# Seacoast Fiber Fest



## Joan Chapin (Feb 16, 2012)

Sunday, August 10, 2014 Epping NH
At Riverslea Farm, Rte. 125,
10AM to 2:00 PM


----------



## barcar (Jun 16, 2011)

Is that New Hampshire?? Wrong coast for me.


----------



## Nancyn (Mar 23, 2013)

Would love to go, but have plans already.


----------



## Majayo (Apr 22, 2014)

It must be fate, I am off of work that day and have been thinking about stopping in with my girls to look at the sheep. I'm a sucker for animals. Now I will have to bring my wallet too.


----------



## Mollie (Feb 23, 2011)

barcar said:


> Is that New Hampshire?? Wrong coast for me.


My thoughts exactly.


----------



## mousepotato (May 30, 2011)

Can we bring our own spinning wheels?


----------



## Joan Chapin (Feb 16, 2012)

I don't think there is an area set aside for spinning, but I can ask! It will take a little while...


----------



## Joan Chapin (Feb 16, 2012)

Yes! We will have a large tent for spinners, so the more the merrier! Thanks for the idea... 
joan


----------



## nanad (Mar 9, 2011)

Is there a site I can go on to find out more information? thank you


----------



## Joan Chapin (Feb 16, 2012)

More information on the Riverslea Farm (NH) facebook page.


----------



## mousepotato (May 30, 2011)

Joan Chapin said:


> Yes! We will have a large tent for spinners, so the more the merrier!

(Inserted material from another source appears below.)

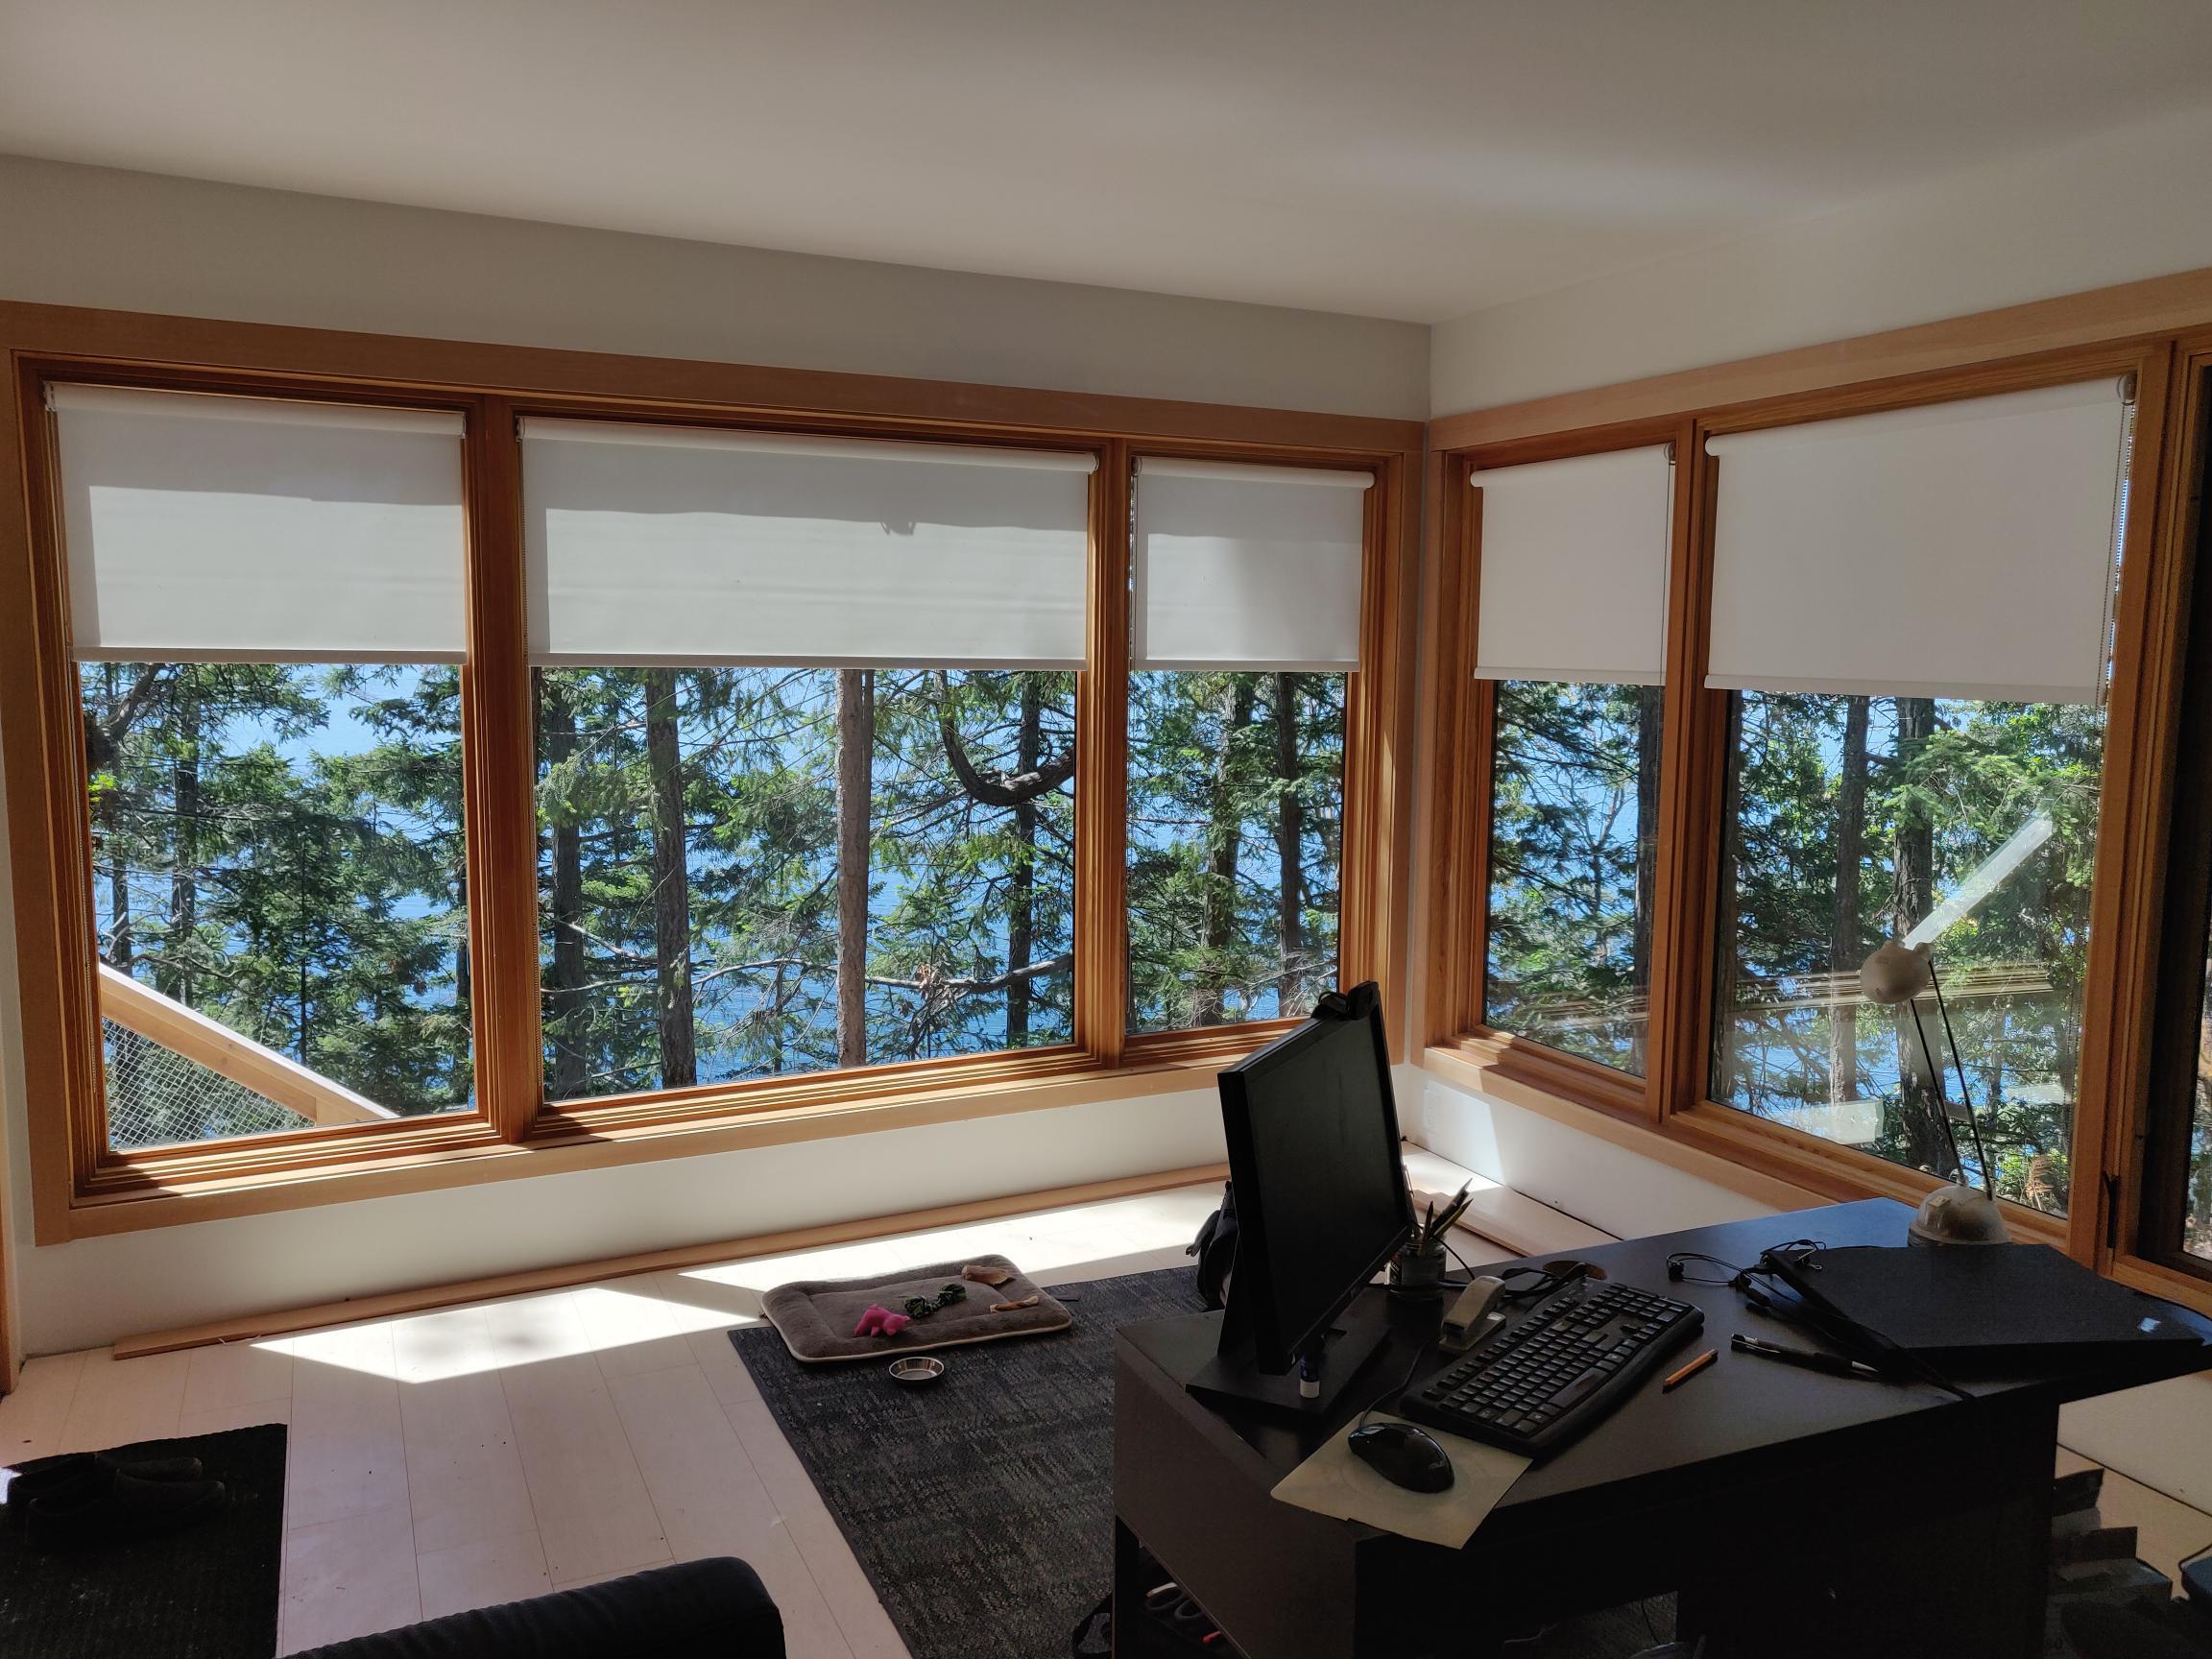 Solar Shades Budget Blinds of Comox Valley and Campbell River Courtenay (250)338-8564

Thanks for the idea...
> joan


I feel a road trip coming on, depending on when the hay is ready to go in this weekend.


----------



## Joan Chapin (Feb 16, 2012)

You can be home by the time the hay is dry enough!!
Knitters also welcome under the tent to knit/spin-in...


----------



## mousepotato (May 30, 2011)

Not really, it's about 2 1/2 hours from here to Epping. And I think we're getting cut Friday. I'm hoping it's ready to go in on Saturday, myself. I'm the one who has to cook for the hay crew.


----------



## Joan Chapin (Feb 16, 2012)

Hope to see you there.


----------